Archive for October, 2008

Twitter’s amazing stickiness (with a caveat)

Friday, October 31st, 2008

I just followed a link to a site that shows the date of the first tweet of 50 early Twitter users. I wondered how many of these early users were still active users, and guessed many would be.

Instead of going and fetching each user’s last tweet by hand, I wrote a little shell script to do all the work:

for name in \
  `curl -s http://myfirsttweet.com/oldest.php |
   perl -p -e ‘s,<a href="http://myfirsttweet.com/1st/(\w+)">,\nNAME:\t$1\n,g’ |
   egrep ‘^NAME:’ |
   cut -f2 |
   uniq`
do
    echo $name \
      `curl -s "http://twitter.com/statuses/user_timeline/$name.xml?count=1" |
       grep created_at |
       cut -f2 -d\> |
       cut -f1 -d\<`
done
 

Who wouldn’t want to be a (UNIX) programmer!?

And the output, massaged into an HTML table:

User Last tweeted on
jack Thu Oct 30 03:41:49 +0000 2008
biz Thu Oct 30 22:24:12 +0000 2008
Noah Tue Oct 28 22:56:15 +0000 2008
adam Thu Oct 30 21:34:56 +0000 2008
tonystubblebine Fri Oct 31 00:53:38 +0000 2008
dom Thu Oct 30 20:36:31 +0000 2008
rabble Fri Oct 31 00:56:28 +0000 2008
kellan Fri Oct 31 00:32:44 +0000 2008
sarahm Thu Oct 30 22:45:37 +0000 2008
dunstan Thu Oct 30 23:59:57 +0000 2008
stevej Fri Oct 31 00:12:03 +0000 2008
lemonodor Thu Oct 30 18:21:43 +0000 2008
blaine Wed Oct 29 23:52:06 +0000 2008
rael Fri Oct 31 01:02:58 +0000 2008
bob Fri Oct 31 00:39:18 +0000 2008
graysky Fri Oct 31 00:23:21 +0000 2008
veen Thu Oct 30 19:47:40 +0000 2008
dens Fri Oct 31 00:13:12 +0000 2008
heyitsnoah Thu Oct 30 20:09:35 +0000 2008
rodbegbie Thu Oct 30 23:42:39 +0000 2008
astroboy Thu Oct 30 22:07:50 +0000 2008
alba Thu Oct 30 16:06:29 +0000 2008
kareem Thu Oct 30 20:20:14 +0000 2008
gavin Thu Oct 30 17:48:45 +0000 2008
nick Fri Oct 31 01:17:29 +0000 2008
psi Thu Oct 30 20:40:53 +0000 2008
vertex Fri Oct 31 00:44:09 +0000 2008
mulegirl Fri Oct 31 00:31:05 +0000 2008
thedaniel Thu Oct 30 20:00:31 +0000 2008
myles Thu Oct 30 15:50:31 +0000 2008
mike ftw Fri Oct 31 00:28:00 +0000 2008
stumblepeach Thu Oct 30 23:20:06 +0000 2008
bunch Sat Oct 25 20:46:42 +0000 2008
adamgiles com Thu Apr 10 17:22:52 +0000 2008
naveen Thu Oct 30 23:24:23 +0000 2008
nph Fri Oct 31 01:53:13 +0000 2008
caterina Tue Oct 28 18:07:32 +0000 2008
rafer Thu Oct 30 19:23:50 +0000 2008
ML Thu Oct 30 15:31:47 +0000 2008
brianoberkirch Thu Oct 30 20:21:43 +0000 2008
joelaz Thu Oct 30 22:03:59 +0000 2008
arainert Fri Oct 31 01:18:43 +0000 2008
tony Sun Oct 26 18:16:02 +0000 2008
brianr Fri Oct 31 01:57:27 +0000 2008
prash Tue Oct 28 22:14:24 +0000 2008
danielmorrison Thu Oct 30 21:37:41 +0000 2008
slack Fri Oct 31 01:26:08 +0000 2008
mike9r Thu Oct 30 21:17:29 +0000 2008
monstro Thu Oct 30 22:28:46 +0000 2008
mat Fri Oct 31 00:26:22 +0000 2008

Wow… look at those dates. Only one of these people has failed to update in the last week!

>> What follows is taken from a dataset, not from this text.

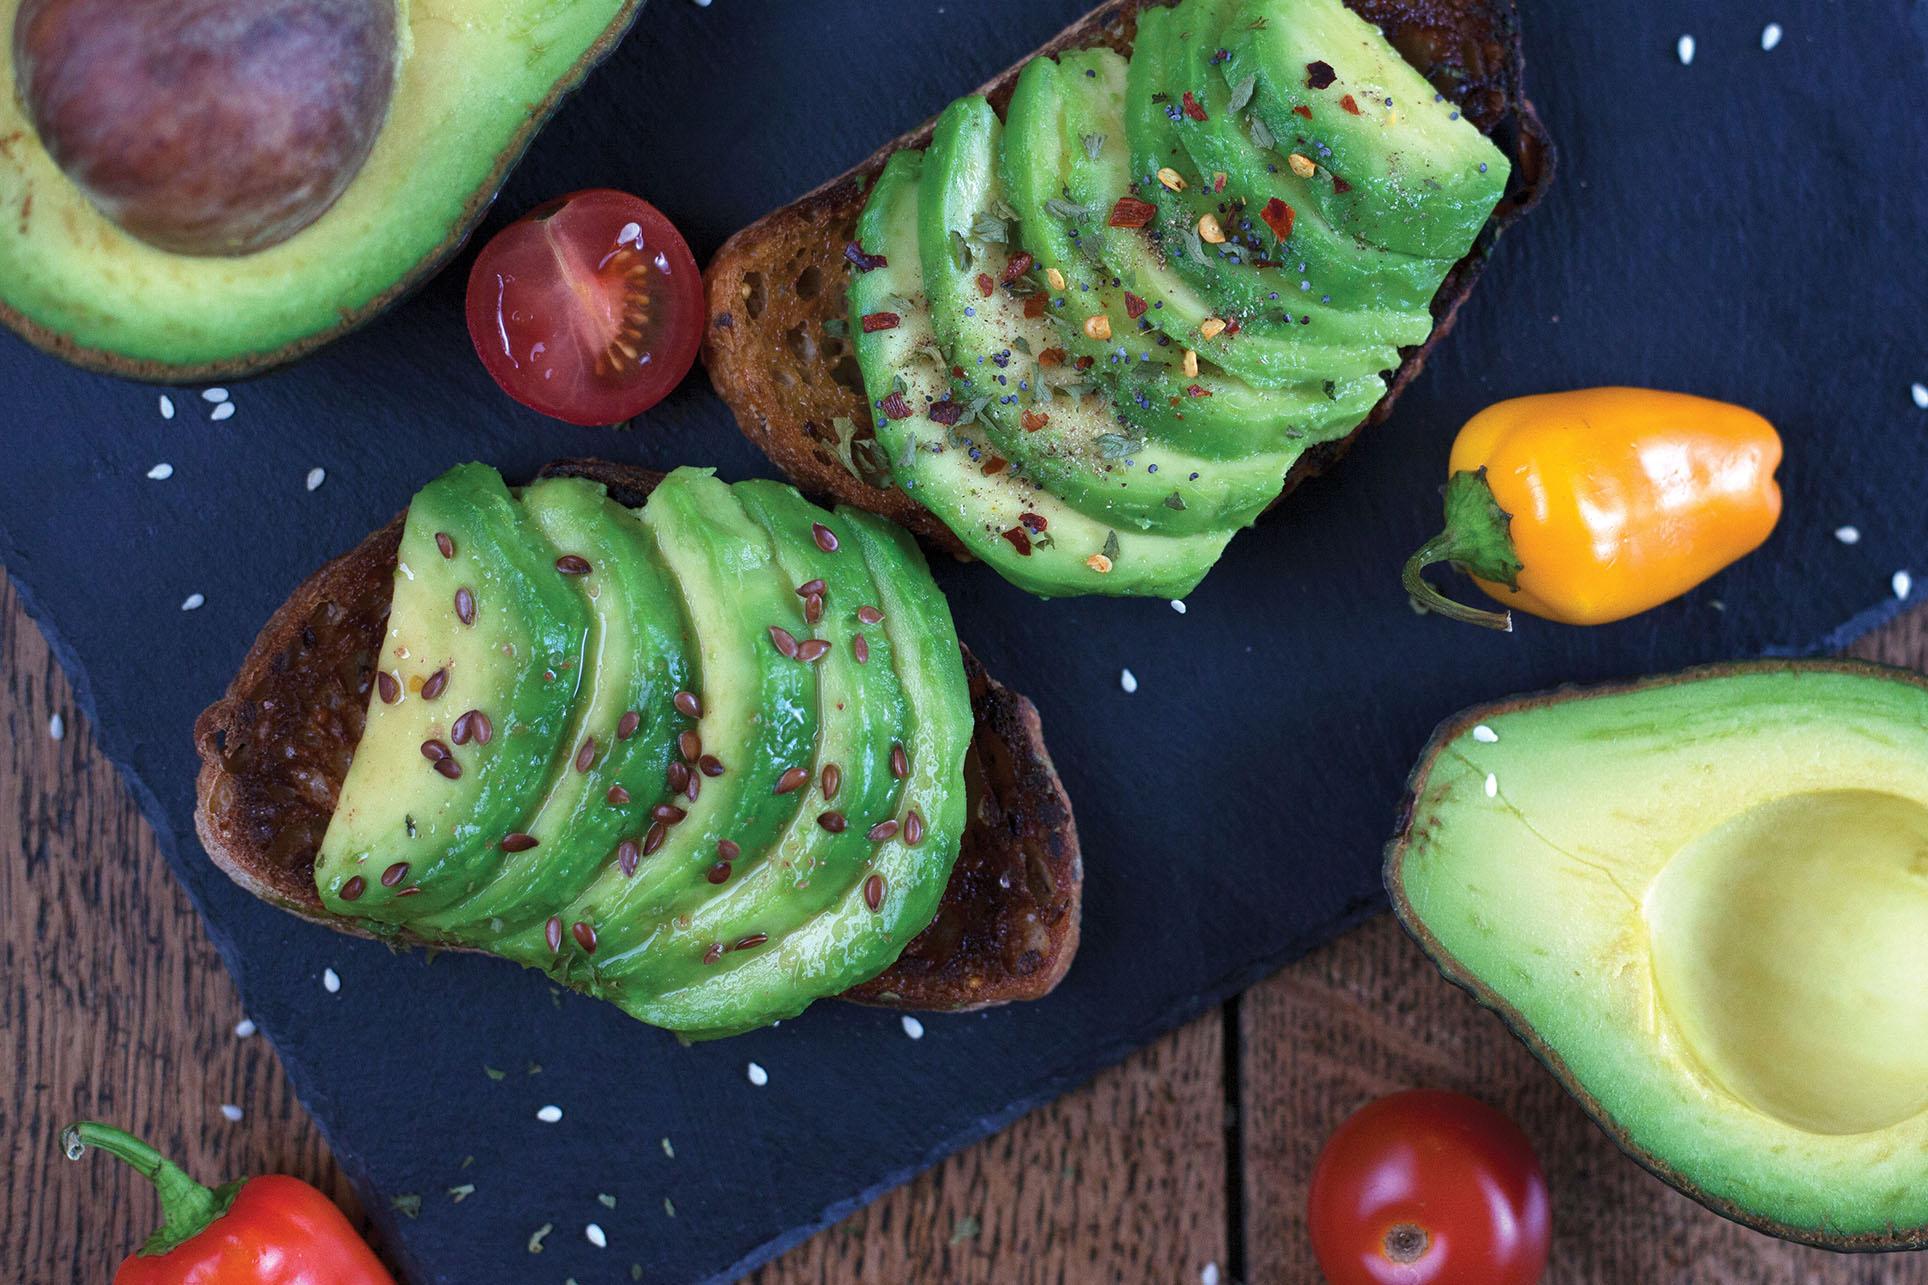 Gourmet avocado toast, with tomatoes, peppers, sesame seeds, and sea salt. (Photo by Kjokkenutstyr Net.)

Here’s the caveat. We don’t know how many early Twitter users are in the My First Tweet database. The data looks suspicious: there are only 50 Twitter users in a 7 month period? That can’t be right. So it’s possible the My First Tweet database is built by finding currently active tweeters and then looking back to their first post. If so, my table doesn’t say much about stickiness.

But I find it fairly impressive in any case.

Digging into Twitter following

Monday, October 13th, 2008

TwitterThis is just a quick post. I have a ton of things I could say about this, but they’ll have to wait – I need to do some real work.

Last night and today I wrote some Python code to dig into the follower and following sets of Twitter users.

I also think I understand better why Twitter is so compelling, but that’s going to have to wait for now too.

You give my program some Twitter user names and it builds you a table showing numbers of followers, following etc. for each user. It distinguishes between people you follow and who don’t follow you, and people who follow you but whom you don’t follow back.

But the really interesting thing is to look at the intersection of some of these sets between users.

For example, if I follow X and they don’t follow me back, we can assume I have some interest in X. So if am later followed by Y and it turns out that X follows Y, I might be interested to know that. I might want to follow Y back just because I know it might bring me to the attention of X, who may then follow me. If I follow Y, I might want to publicly @ message him/her, hoping that he/she might @ message me back, and that X may see it and follow me.

Stuff like that. If you think that sort of thing isn’t important, or is too detailed or introspective, I’ll warrant you don’t know much about primate social studies. But more on that in another posting too.

As another example use, I plan to forward the mails Twitter sends me telling me someone new is following me into a variant of my program. It can examine the sets of interest and weight them. That can give me an automated recommendation of whether I should follow that person back – or just do the following for me.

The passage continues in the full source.